Baking doesn't have to be this way. Even a flour-dodger like me has a great deal of admiration for those who are pushing the boundaries of what you can do with a bit of Battenberg. I watch the Food Channel show Charm City Cakes and marvel at what can be done with icing sugar, imagination, some sponge and a few wooden struts. Then there's the evil genius of British creative Miss Cakehead, a PR and events expert turned Dr Frankenstein offondant. She provides cakes for big-name clients that are more Nightmare on Elm Street than I Dream of Jeannie. "I want to challenge the medium – with cake you can get away with anything," she says, while telling me about how to decorate a cake to make it look blood-spattered, as well as the edible beach she's working on for this year's Cake and Bake Show in September. "We made an edible autopsy out of cake and got a pathologist to come in and dissect it." That's my kind of cake making. She is also no fan of the all-conquering cupcake, either. "There was a horrendous outbreak of cupcakes suddenly becoming so trendy – about five years ago. They're the equivalent of painting by numbers compared with Peter Blake." See her work at staypuft.cc or follow her antics on Twitter @miss_cakehead.

But if you love baking, you won't care what I think about it. For many people baking is useful, joyful, relaxing, fun.
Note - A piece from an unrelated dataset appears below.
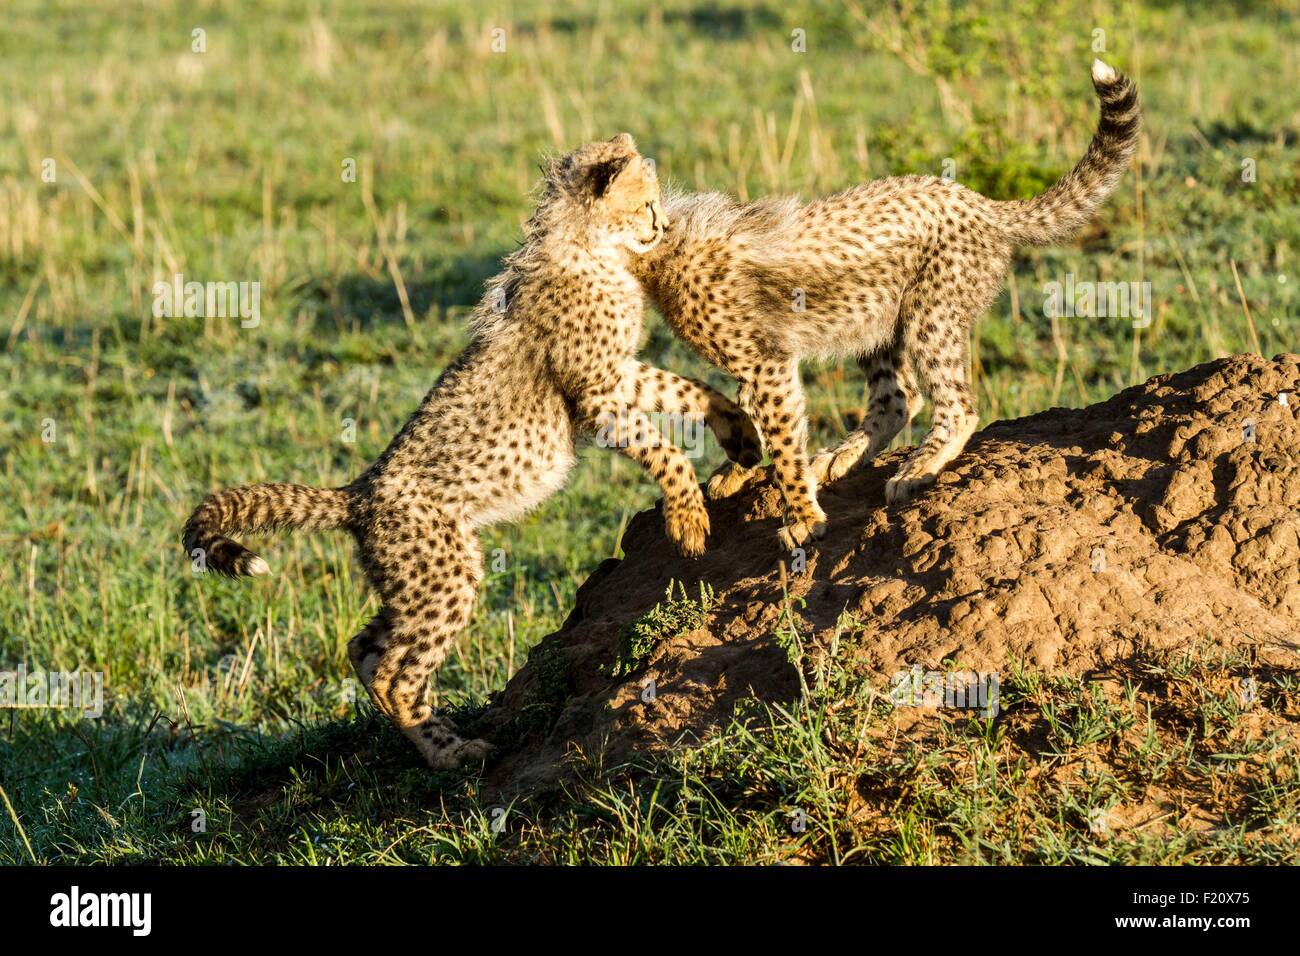 Kenia, Masai Mara Wildreservat, Gepard (Acinonyx Jubatus), Jungen spielen 4 Monate alt Stockfoto

For some, it's life-saving: the chick-lit writer Marian Keyes published Saved by Cake: Over 80 Ways to Bake Yourself Happy last month, a very personal cookbook in which she reveals that in the throes of a nervous breakdown, she turned to cake-making: "Baking... gets me through. To be perfectly blunt about it, my choice sometimes is, I can kill myself or I can make a dozen cupcakes."

She also understands that there will always be unbelievers. "I need to make something clear: baking may not be for you". Marian, it's not. But I'm glad that it can be about more than showing off perfect pie crusts and buying spotted aprons, even if you're more likely to find me buying my bread and bagels rather than up to my elbows in flour.